At the same time, the United States government should prevent the sharing of exotic technology with China by making such technology transfers from Western firms/individuals/labs to Chinese entities illegal bribes under the Foreign Corrupt Practices Act.

Washington must also use the Committee for Foreign Investment in the United States (CFIUS) to effectively curb Chinese efforts to legally buy into high-tech research and development here (where the Chinese firms would then absorb that information and fold it into their indigenous efforts). There is much, much more that the United States government must do to curb Chinese investment and tech transfers to China, but that is the subject of a longer, future article.

It is not enough to simply stymie and stunt technology transfers or illicit Chinese investment into high technology R&D here in the United States. Greater innovation and R&D here in the US must be fostered.

Due to the unconventional nature and high risk to private sector venture capital, the United States government will have to do for this new spate of technology what it did for high-tech in the late twentieth century: it will have to invest US tax dollars into building the infrastructure for the ecosystem to support the rapid development of this exotic technology. 

In so doing, America can sit atop of the new century’s greatest innovations and products and ensure it remains the world’s superpower in the same way that the US did in the previous century. China is doing precisely this same pattern of development (it’s no wonder that the works of both Mariana Mazzucato and Michele Wucker are so popular in China today).

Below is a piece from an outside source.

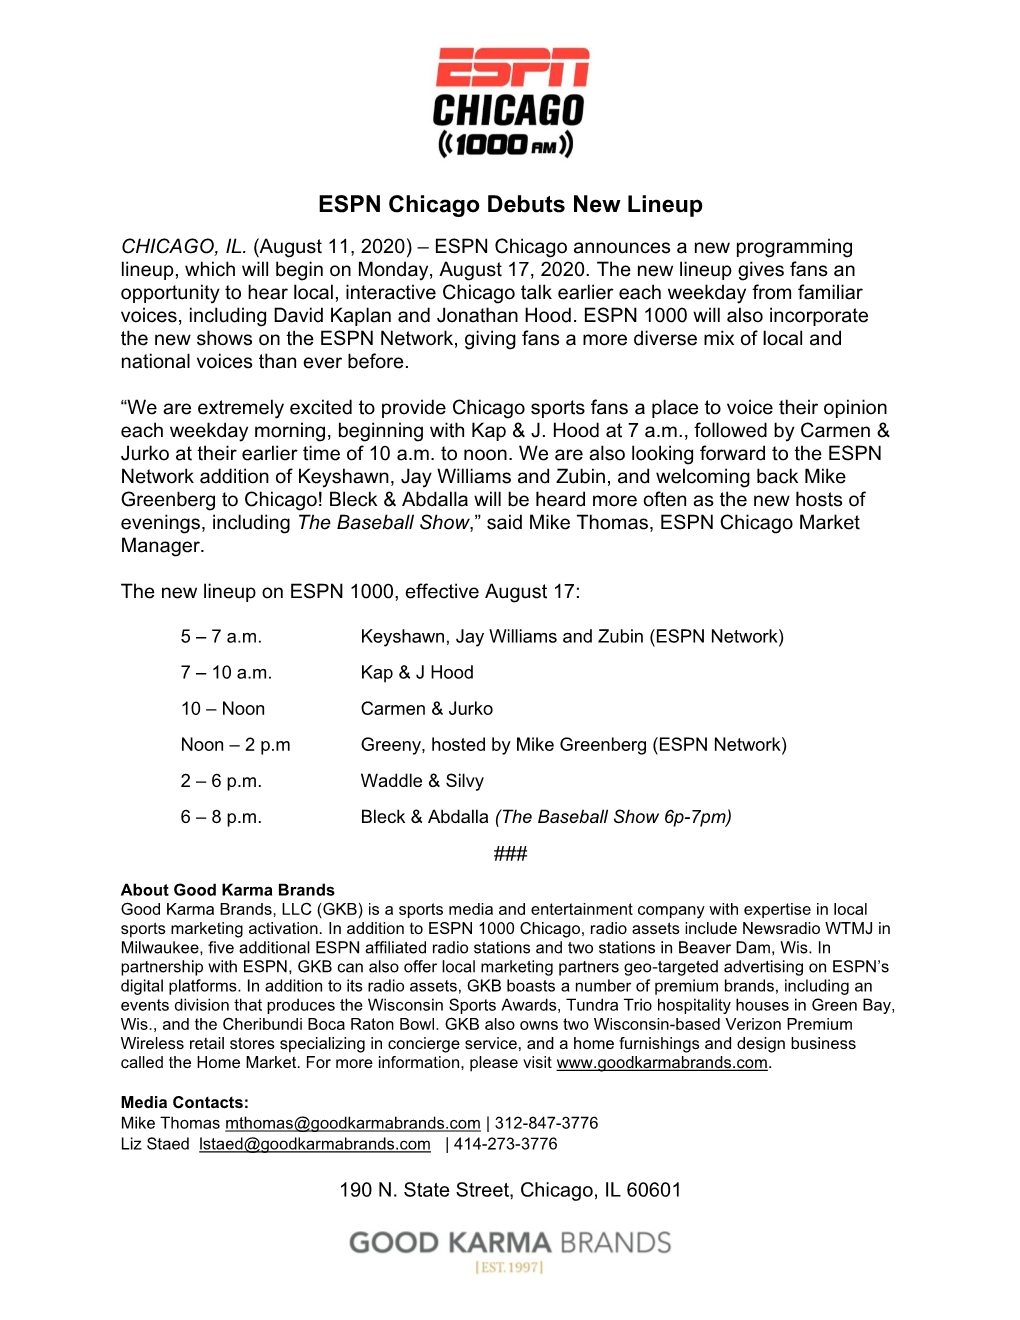 ESPN Chicago Debuts New Lineup
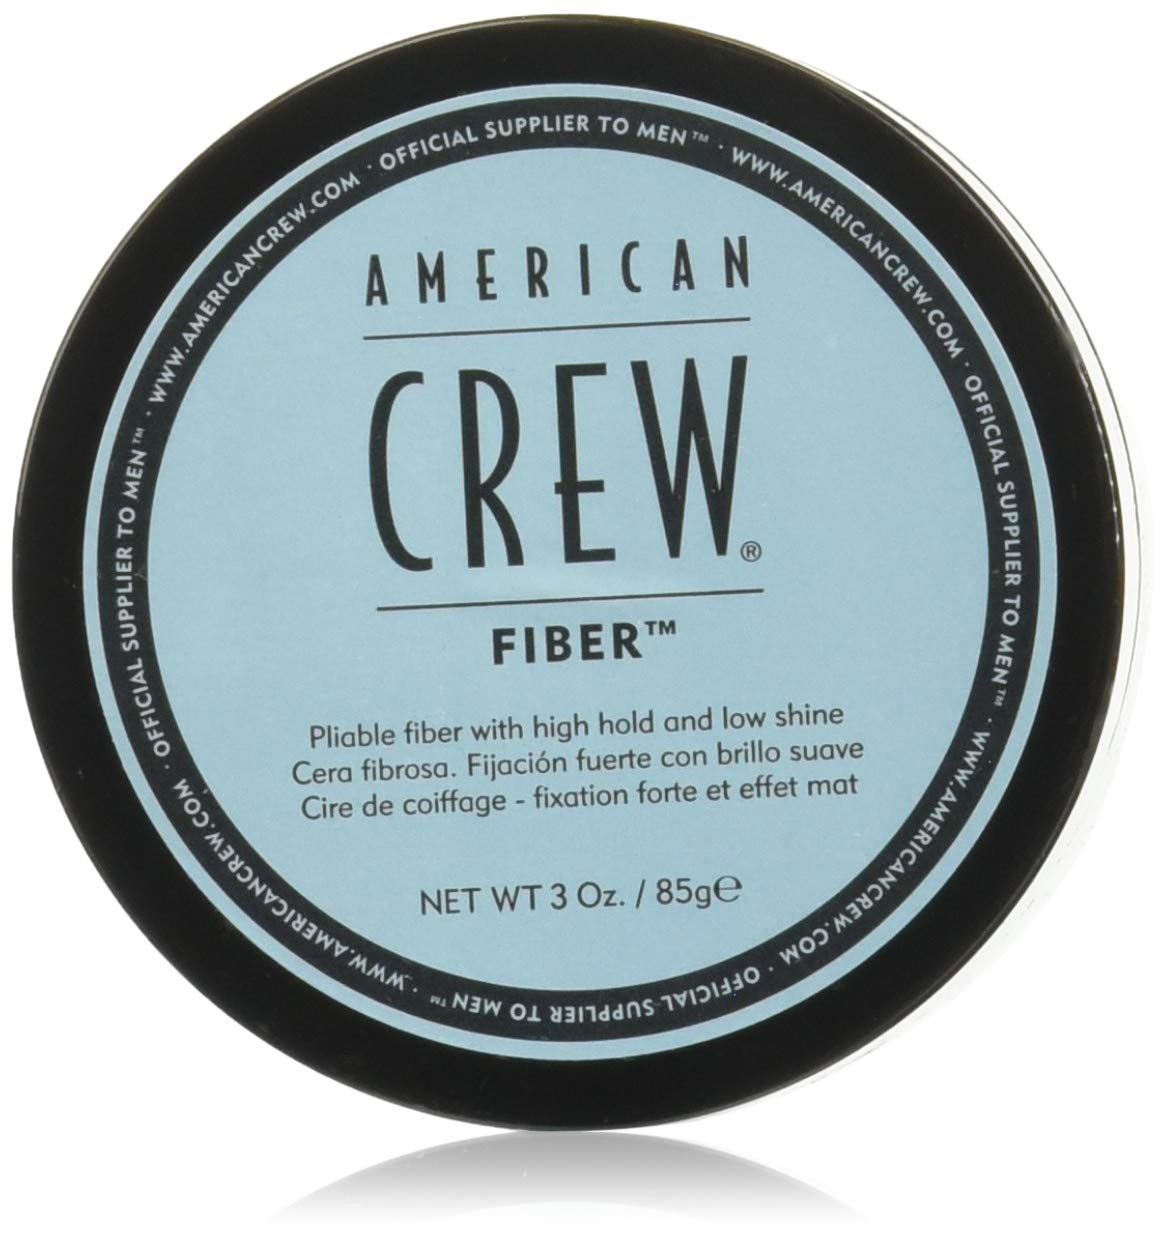 American Crew Fibre Pliable Moulding Cream for Men, 3.53 Ounce Jars (Pack of 2) by American Crew

Like the Americans of the twentieth century—and as I hope, the Americans of the twenty-first century—the Chinese of today want to create the ecosystem for exotic technology R&D in China so that their country benefits most from these new developments.

By having the almighty first-mover advantage, however, America can help to prevent the slipshod Chinese from shaping the future in ways that are inimical to the United States. Otherwise, China will beat America and will truly become the dominant player in the world by 2049, as Xi Jinping envisions.